Wednesday, March 6, 2019

Vaughn Palmer: Seniors beef about NDP speculation tax cash cow, frustrating help line

“These are not speculators, these are seniors. ... These are people who are looking for answers from this minister. What is this government doing, taxing these seniors on these cabins, which cannot be rented under any circumstances?”

VICTORIA — Meet the speculators, four unsuspecting British Columbians targeted by the half-baked mess that is the NDP’s speculation and vacancy tax.
Walter Belcher, 93, is a retired civil engineer who owns a modest family cabin, designed and built by himself on land he purchased near Belcarra almost 50 years ago.
He doesn’t use it much any more but his children, grand children and great grand children do.
Though the place is neither vacant, nor rentable, nor being held for speculative purposes, he’s facing a speculation tax bill of $4,000.
Charline Robson is a retired music teacher and the niece of Barbara Howard, the first black female athlete to compete for Canada on the world stage and an inductee into the Canadian Sports Hall of Fame.
When the aunt died two years ago, she left her niece a cabin in Belcarra as a family legacy.
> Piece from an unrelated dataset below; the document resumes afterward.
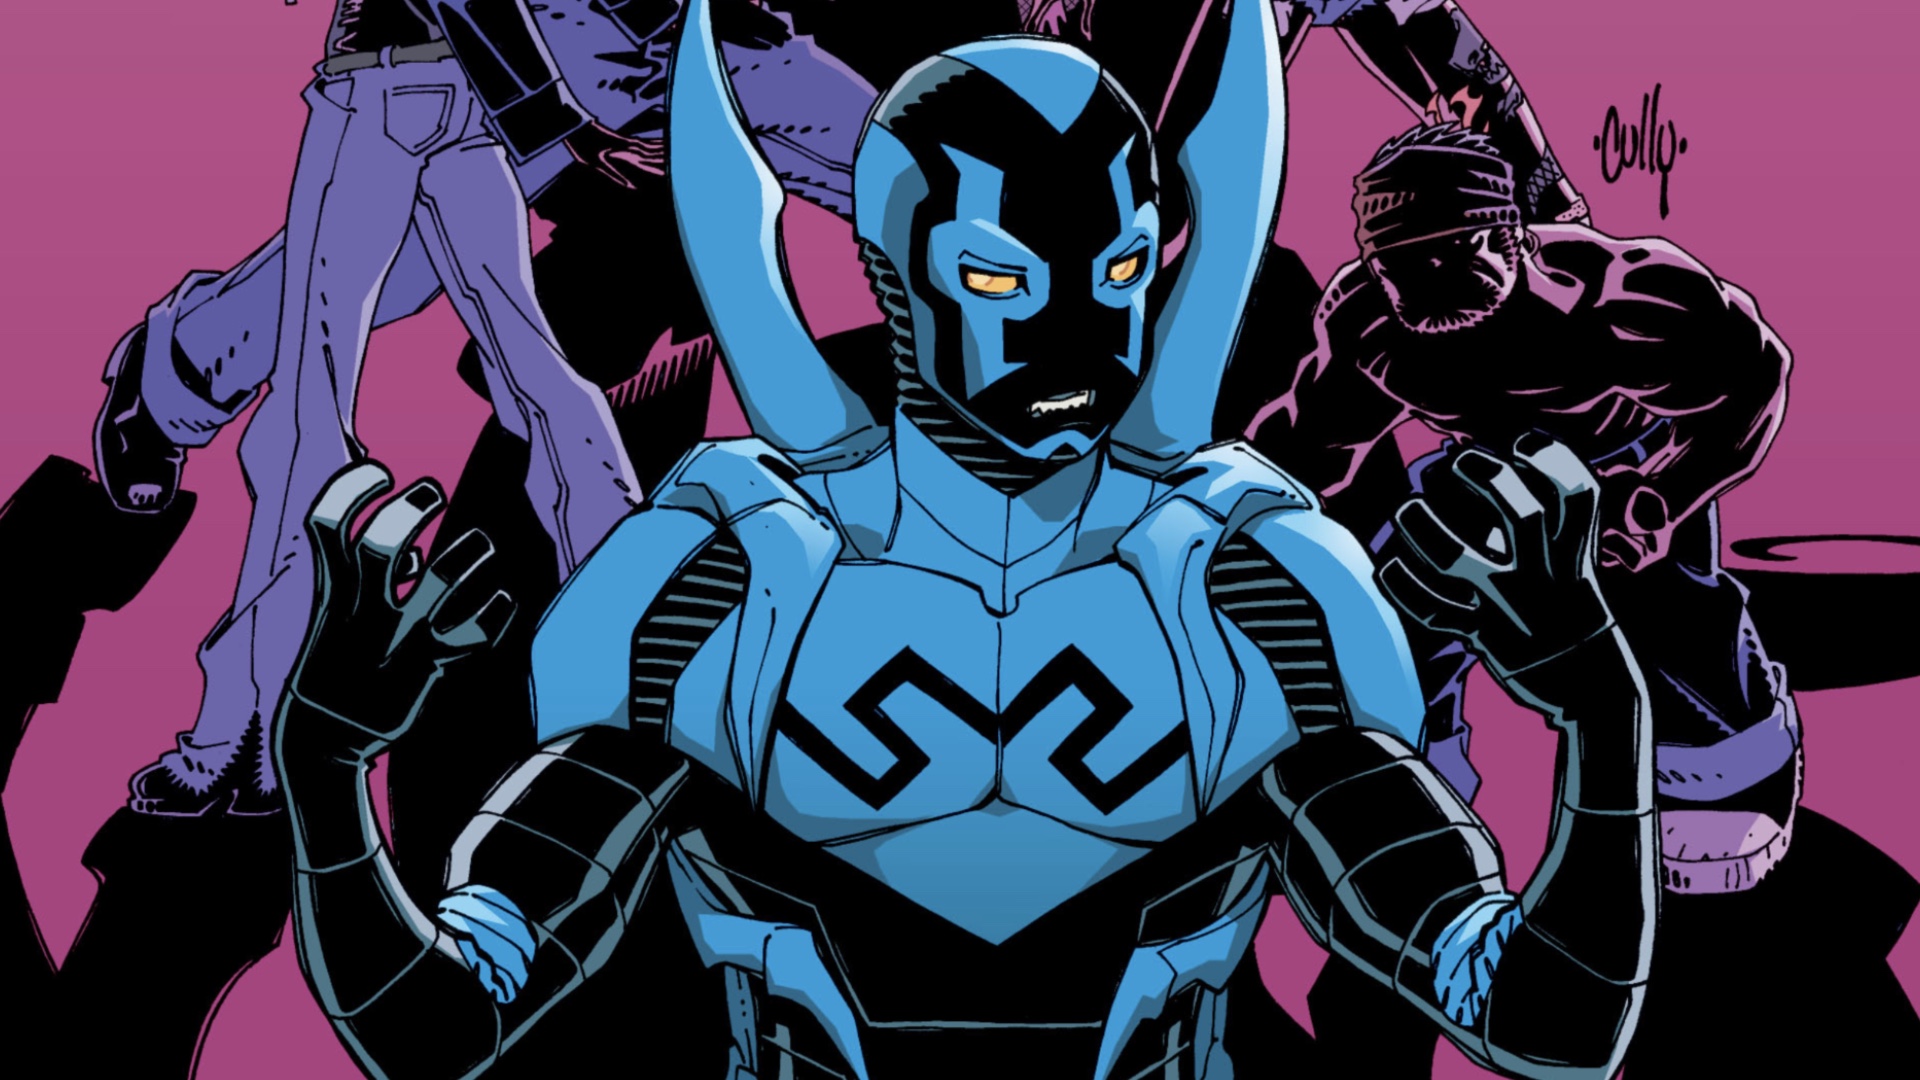 Image from a cover of an issue of the 'Blue Beetle' comic from DC Comics. It's Blue Beetle in his blue super suit, which is a light blue and black. He's looking at his hands as he holds them up, as if some power is going to erupt from them. Behind him are the dark figures of other characters against a pink background.

Though the place is small, bereft of services and with no easy access to the outside world, the land is premium priced. Robson is facing a spec tax bill on the order of $6,000.
Nancy Strain, 71, is a retired legal secretary and owner of a cabin in Belcarra that was built by her father almost 60 years ago. It is small, not insulated and in no plausible condition for rental. Nevertheless her place is being speculation taxed to the tune of $6,000, a tab senior citizen Strain cannot afford on a $22,000 a year pension.
Sy Rodgers, 67, is a retired salesman. He and his wife own a lot in Belcarra that is deemed water-access only and without potable water and or sewer connection.
They face a $2,700 bill under the speculation tax and he reports that about two dozen of his neighbours, in similar situations, are being taxed as well.
The four of them, Rodgers, Strain, Robson and Melcher, were presented to the legislature during question period Tuesday as case studies in the arbitrary, grossly unfair application of the spec tax.
Opposition leader Andrew Wilkinson set the tone by quoting something Finance Minister Carole James said last year: “People in smaller communities, those with cottages, will not pay this tax.”
But there, sitting in the public gallery and looking down  on the government benches, were exhibits A, B, C and D in the NDP’s failure to exempt cottages in smaller communities such as Belcarra.
“These are not speculators, these are seniors,” said Wilkinson who was having a good day after several bad ones over his ill-advised comments on the wacky fun of rental living.
“These are people on fixed incomes. These are people who are looking for answers from this minister. What is this government doing, taxing these seniors on these cabins, which cannot be rented under any circumstances?”
In reply, James took refuge in her inability, as finance minister, to address the specific tax cases.
Generalizing, she noted that the government had established a $400,000 exemption for people with cabins and summer places.
But with the second part of her answer, she put her finger on the reason why that threshold doesn’t offer much relief for the folks from Belcarra: “The property values in Belcarra jumped in 2016 to 2017, just in one year alone, by a 47 per cent increase.”
Case in point, the Robson property. The cabin is worth $15,000, if that. The land is assessed at more than $1 million.
The NDP’s fallback position on the speculation tax is that owners of secondary properties can avoid paying by renting out their places for part of the year.